Zone Defense. The Supreme Court affirms the right of private associations to discipline members. The NCAA, it rules, can ban Jerry Tarkanian, of University of Nevada–Las Vegas, from coaching basketball. For picayune rules, arbitrarily applied, the NCAA rivals any government agency. But the case marks a rare acknowledgement of the public-private distinction.
Liabilities
Dangerous Precedent. Hong Kong stamps "return to sender" on illegal immigrants from China and pens Vietnamese boat people behind barbed wire. Meanwhile, local businesses can't find workers; 10,000 to 15,000 jobs go begging in construction alone. "Economic migrants" find few havens anywhere on earth. But the Hong Kong unions who fight immigration should keep 1997 in mind. Live by the sword…
Grand Inquisitor. Prosecutors use RICO the way their forebears used the rack—to elicit confessions. "Drexel admits guilt," read the headlines, not "Drexel pleads guilty to avoid financial torture." (Some of Drexel Burnham's crimes are as technical as the finest heresies regarding transubstantiation.) Where are those card-carrying ACLU members on this issue?
Corporate Tools.
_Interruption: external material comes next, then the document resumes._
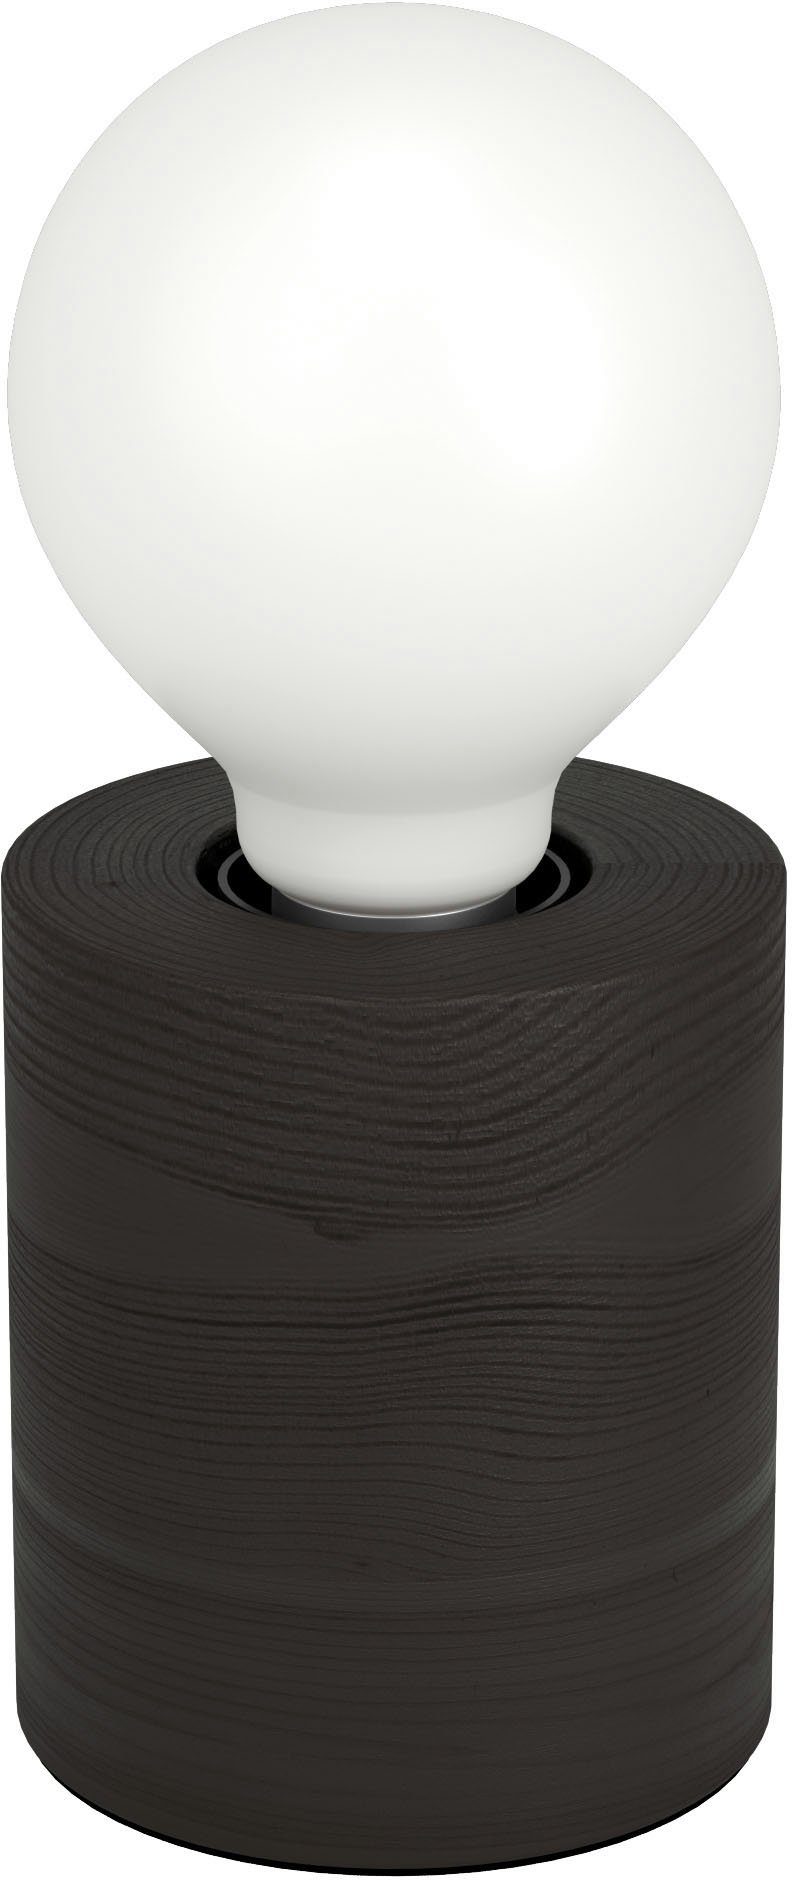 EGLO Tischleuchte TURIALDO 1, Leuchtmittel wechselbar, ohne Leuchtmittel, Tischleuchte in schwarz aus Holz, Stahl - exkl. E27 - 28W | Tischlampen
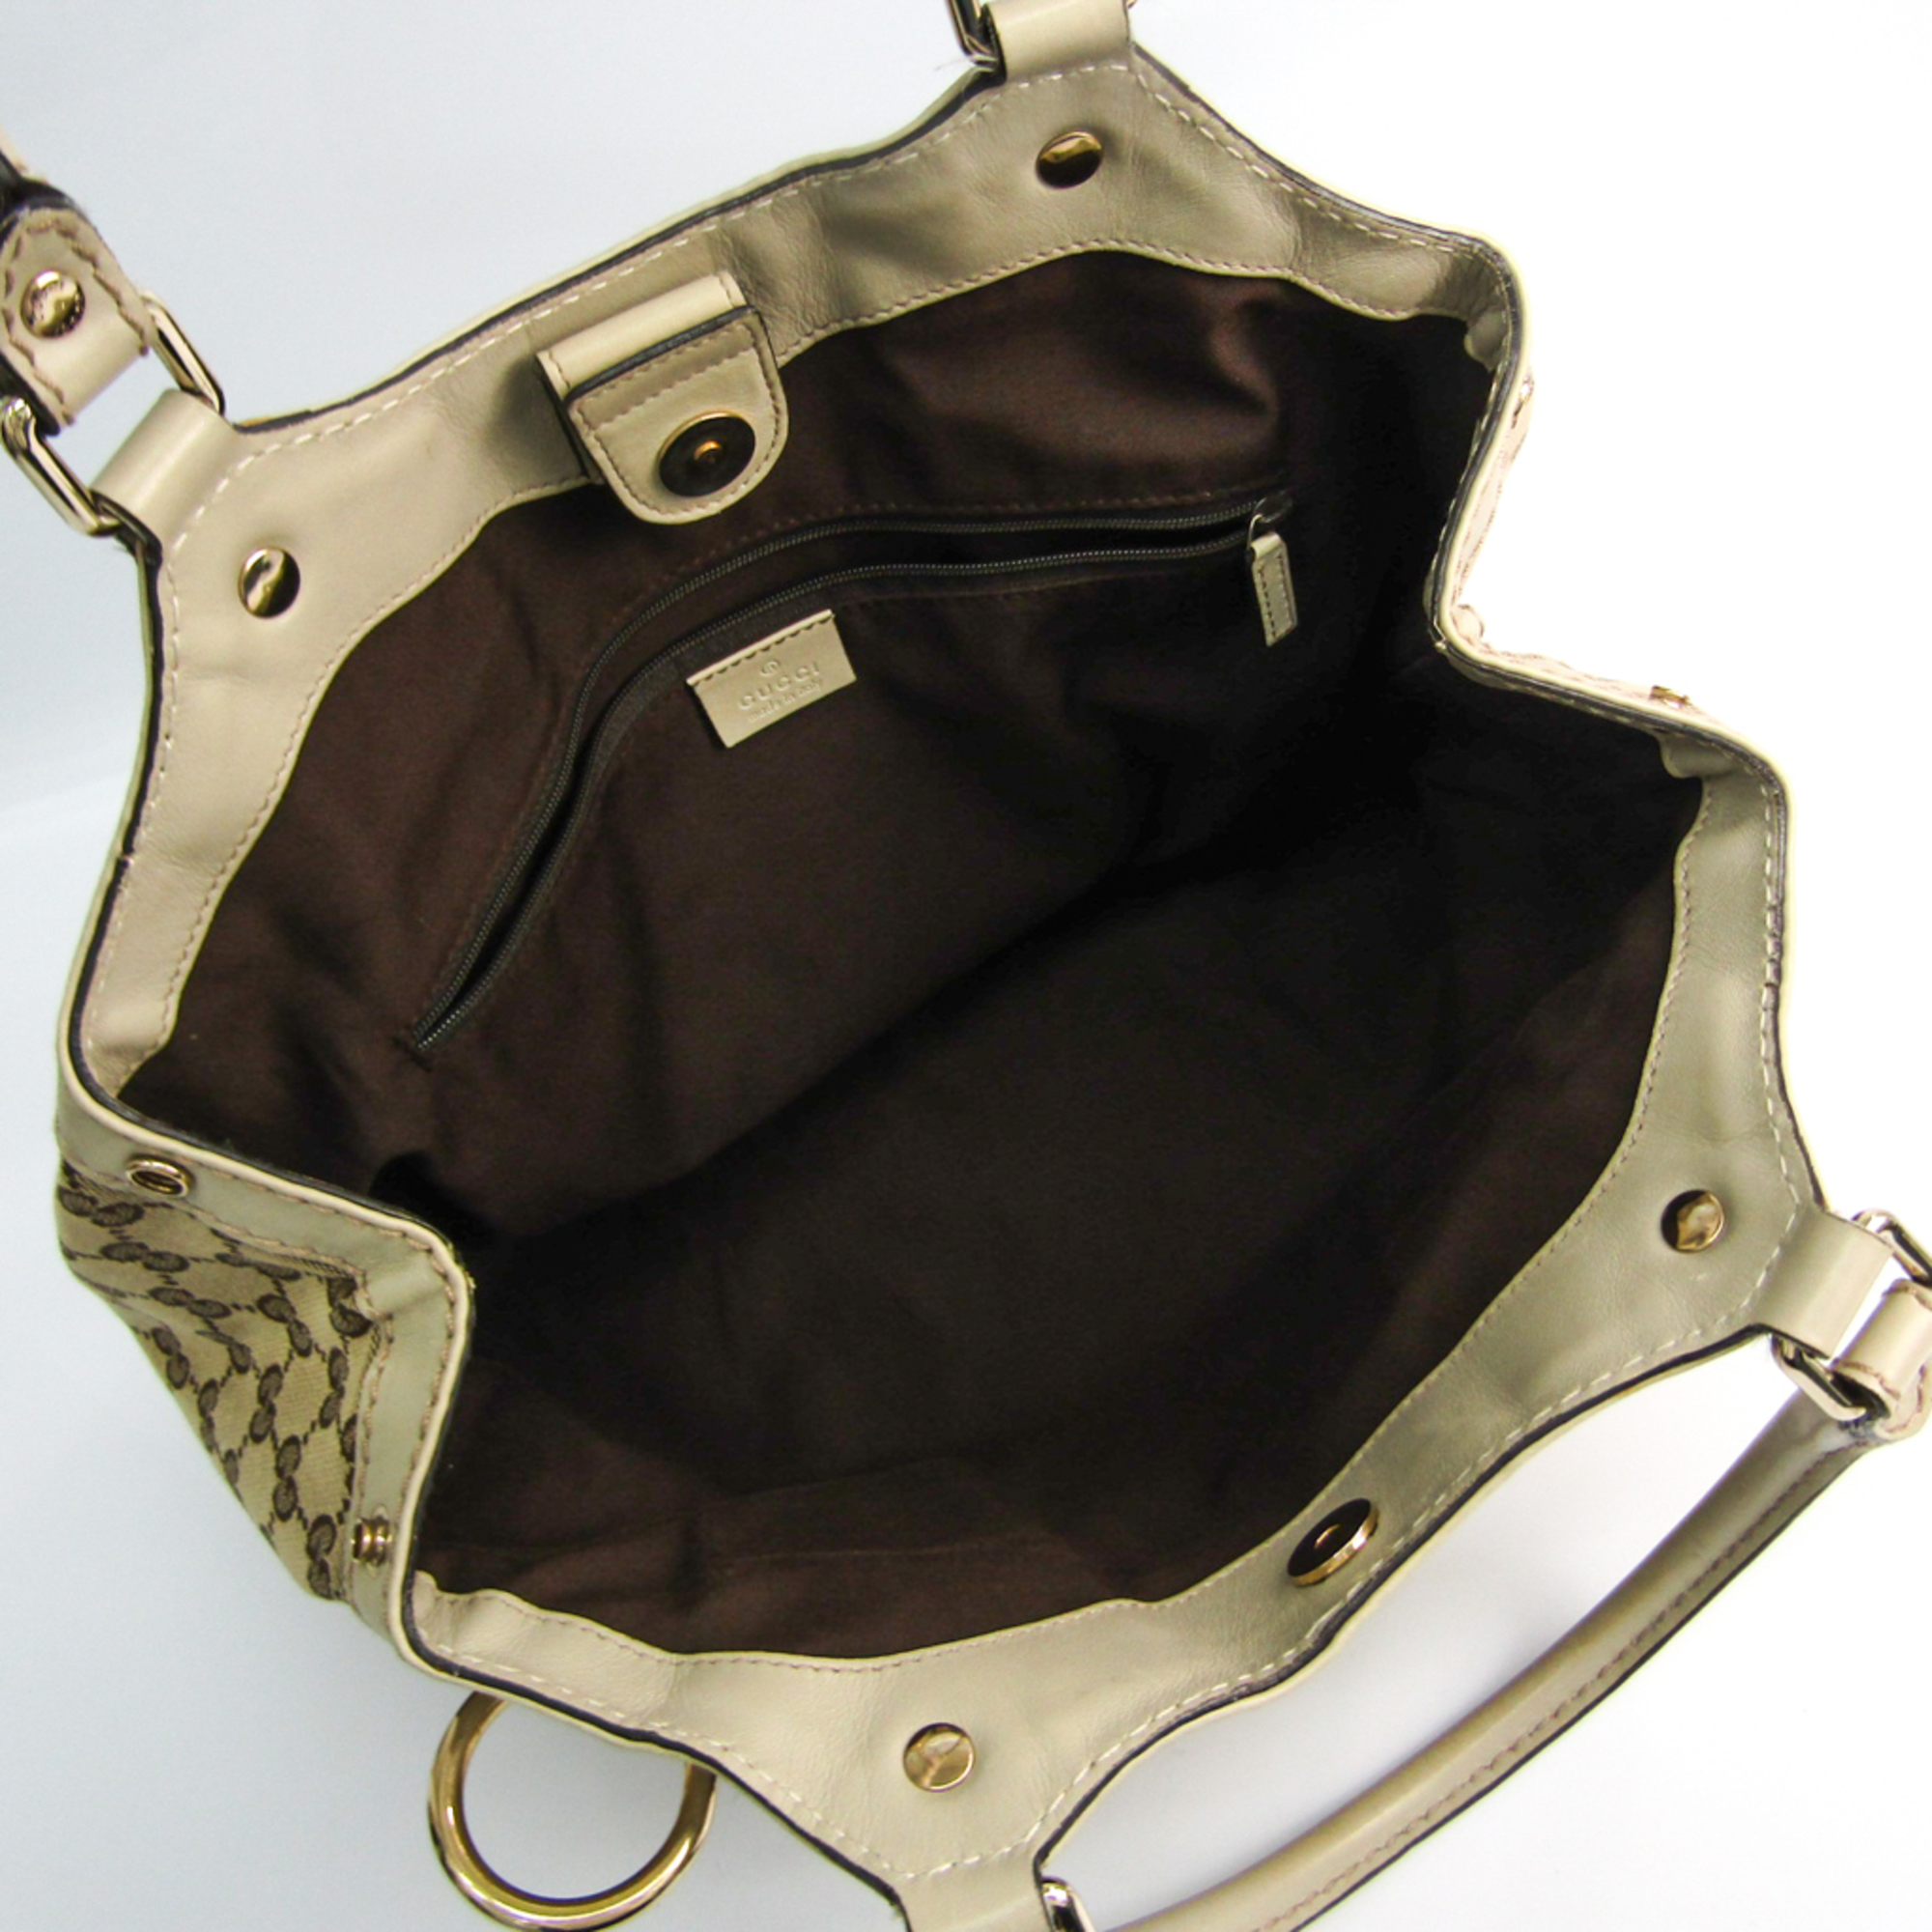 Gucci Sukey 211944 Women's Leather,GG Canvas Handbag Beige,Brown,Gray Beige

Will Bush bring back big-business Republicanism? And, with it, regulation? The antibusiness crowd forgets that large companies often don't mind government meddling, as long as they can turn it against competitors. Look for more protectionism and securities regulation, plus "kinder, gentler" mandates that crush entrepreneurs.
Junkyard Dogs. Liability worries and EPA zeal threaten to squelch some of America's most-effective environmentalists—scrap-metal processors. They recycle about half the iron, lead, and zinc and a fifth of the aluminum that Americans throw out. But the trashed appliances, cars, and other discards they turn into minimill feedstocks also contain hazardous wastes. And recyclers don't want old PCBs, lead, or cadmium coming back to haunt them in court. So more junk may wind up in the nation's landfills, bringing its hazards along with it.